We'll set the seed for random number generation such that our results here are reproducible:

In [None]:
Random.seed!(5432)

## TSWV Data
We'll import the TSWV, provided as csv files. 

The first CSV file contains X, Y locations in metres for each individual plant in the study. 

The second CSV file contains records of the first day in which each individual was observed as being infected by TSWV. `NaN` indicates that no signs of infection were observed within the 14 week study period.

In [None]:
# Use CSV.jl for DataFrames I/O
#
# We know the types of the columns, so we'll manually specify those. 
# * Individual IDs are `Int64`
# * X,Y coordinates are `Float64`s
risks = CSV.read(joinpath(@__DIR__, "02_TSWV_locations.csv"), types=[Int64; Float64; Float64])
pop = Population(risks)

# Will precalculate distances
pop.distances = [euclidean([risks[:x][i]; risks[:y][i]], [risks[:x][j]; risks[:y][j]]) for i = 1:pop.individuals, j = 1:pop.individuals]

# Use julia's included CSV interface for simple vector of observation times
raw_observations = readdlm(joinpath(@__DIR__, "02_TSWV_infection_observations.csv"))[:]

# Create an `EventObservations` object with `Pathogen.jl`
obs = EventObservations{SI}(raw_observations)

We will now formulate our `SI` individual level model. For our example, this model will be quite simple as we have a contained artifical environment which limits exogeneous transmissions, and we do not have individual level risk factors to consider beyond basic location data. We will use some common functions which have been prewritten in our examples folder.



In [None]:
@everywhere include(joinpath(@__DIR__, "risk_functions.jl"))

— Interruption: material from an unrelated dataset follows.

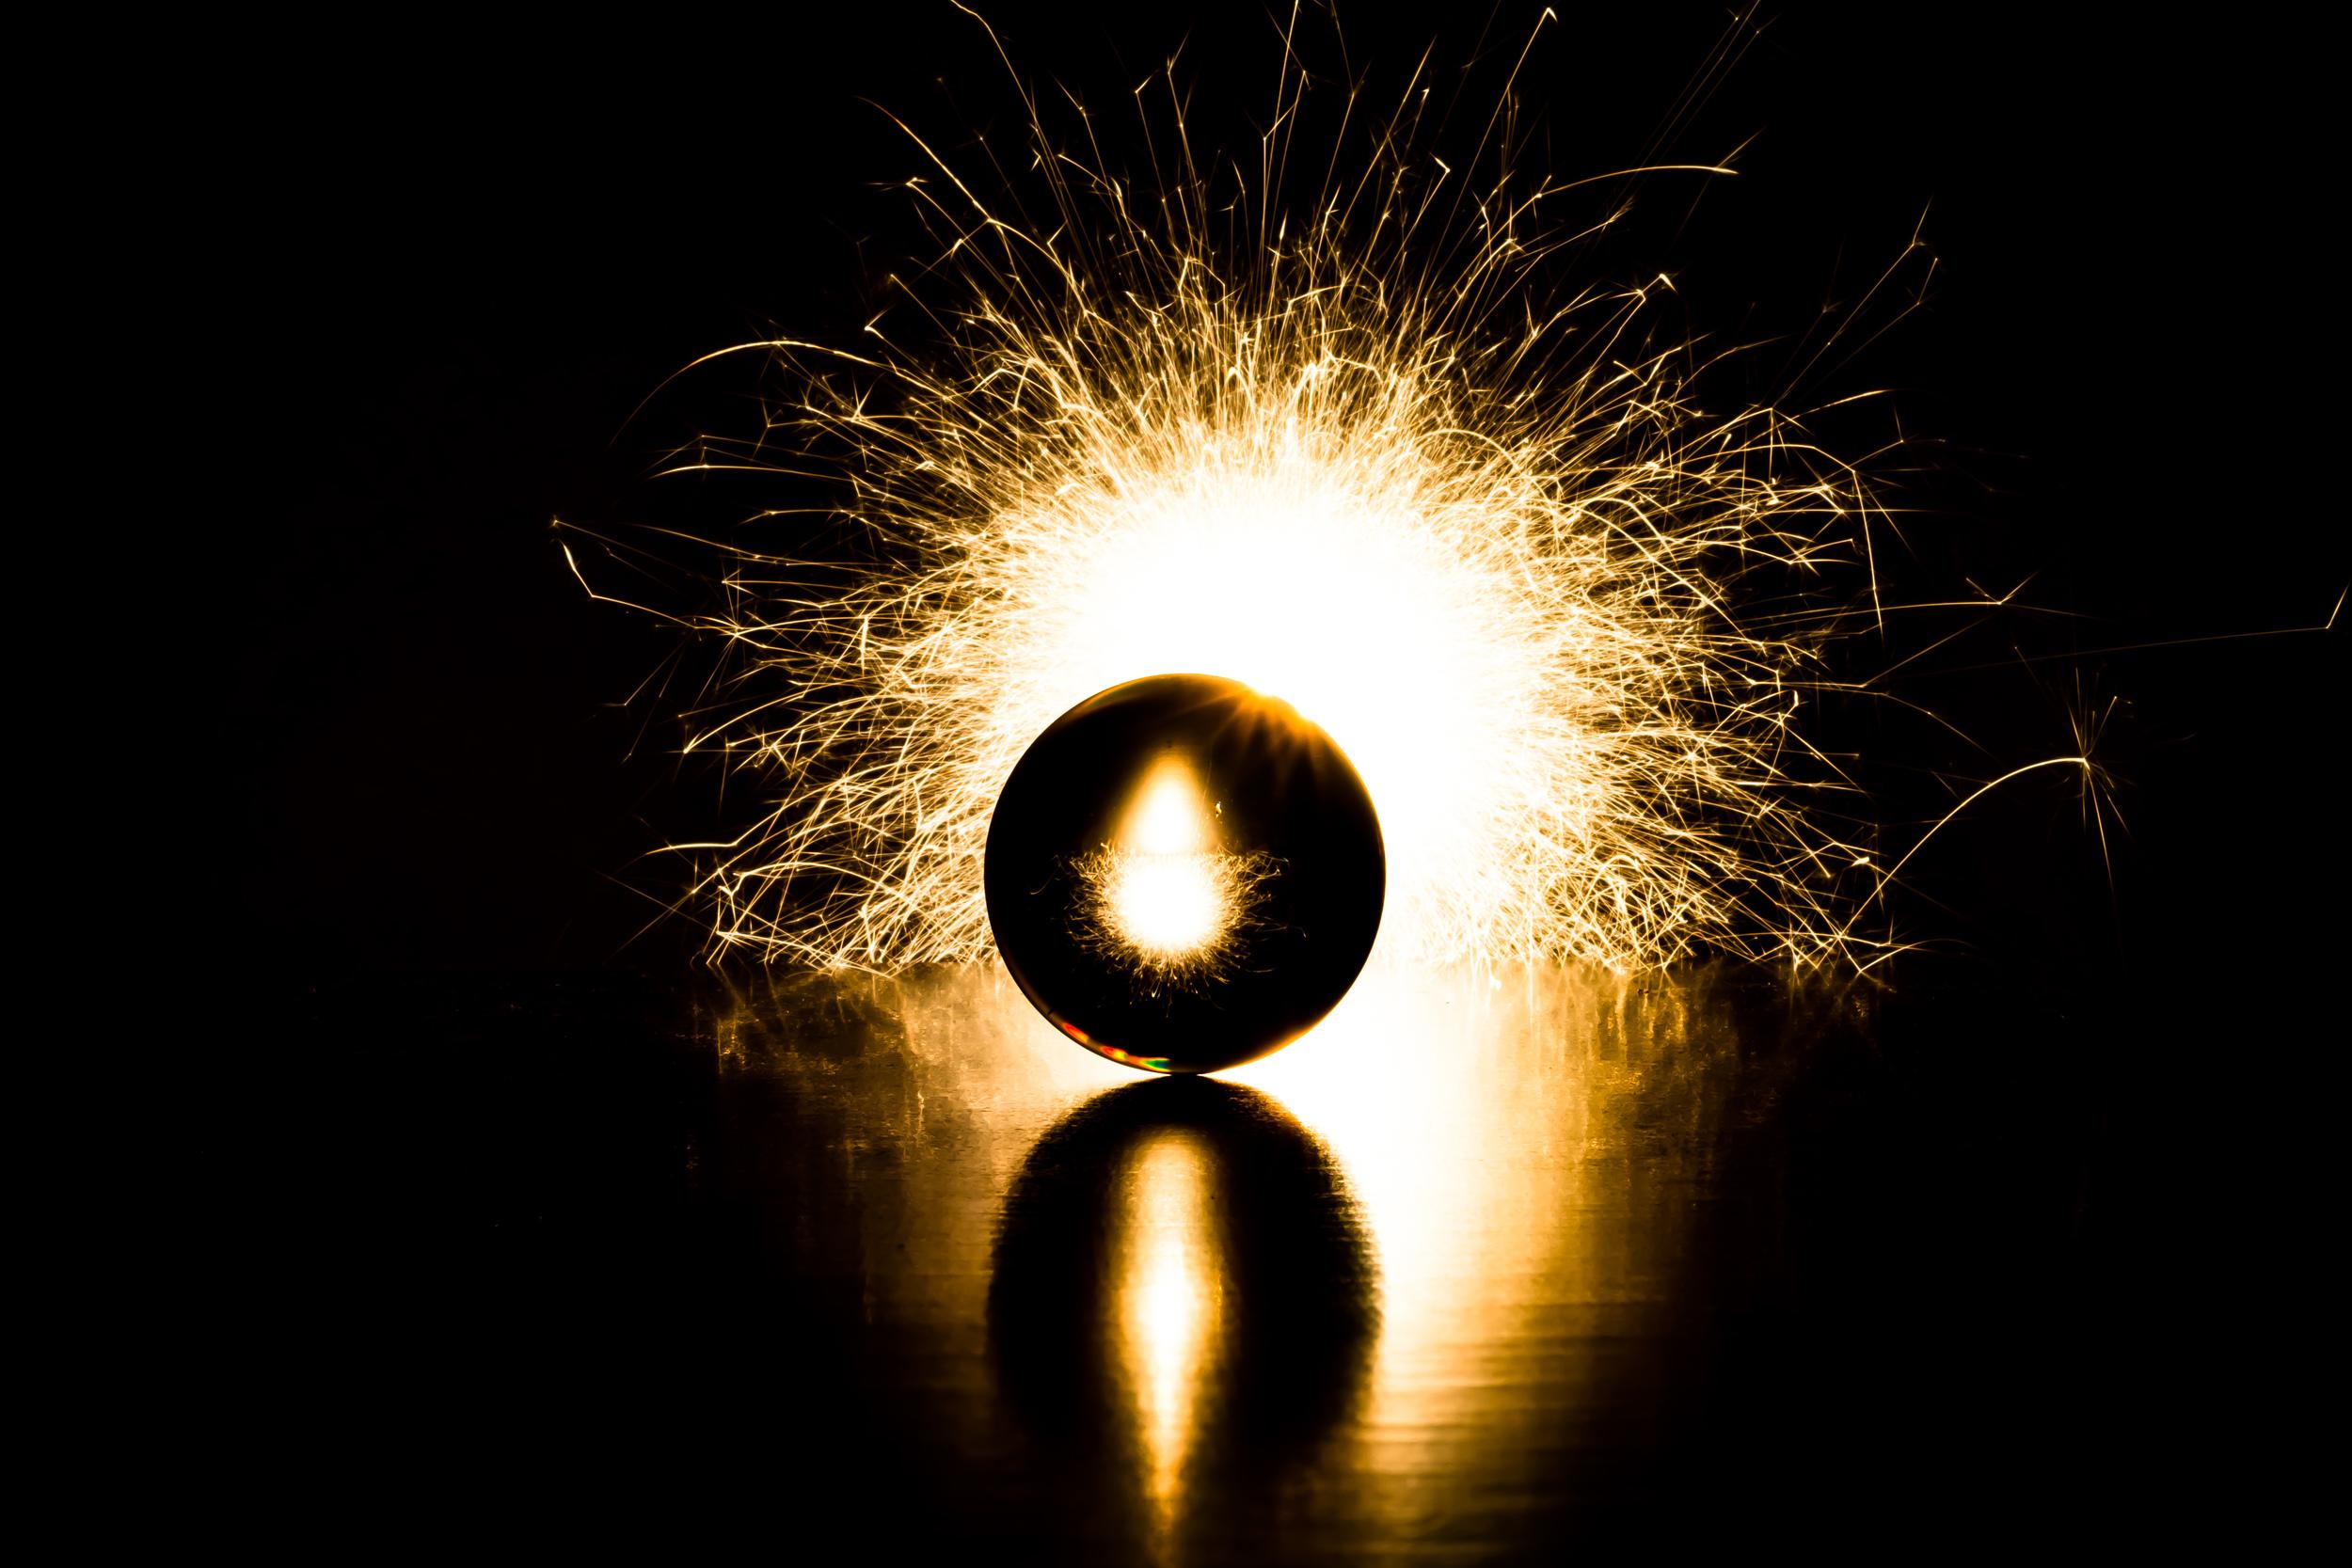 Viewfinder-spel-vuur-kristallen-bol-geheimzinnig-eigenzinnigie-fotografievuurwerk-verjaardag-huwelijk-taatr

rf = RiskFunctions{SI}(_zero, # sparks function - we will assume no exogenous transmissions and set this to zero
                       _one, # susceptibility function - we do not have individual level risk factor information to explore here, so will set to a constant 1
                       _powerlaw_w_intercept, # transmissability function - we will use a powerlaw (with intercept) kernel. This provides a spatial and non-spatial component to infection transmissions. This has 3 parameters.
                       _one) # transmissibility function - we do not have individual level risk factor information to explore here, so will set to a constant 1

In [None]:
rpriors = RiskPriors{SI}(UnivariateDistribution[], # empty `UnivariateDistribution` vector for all parameter-less functions
                         UnivariateDistribution[], 
                         [Gamma(2.0, 2.0); Gamma(2.0, 2.0); Gamma(0.5, 0.5)], # Relatively uninformative priors with appropriate support
                         UnivariateDistribution[])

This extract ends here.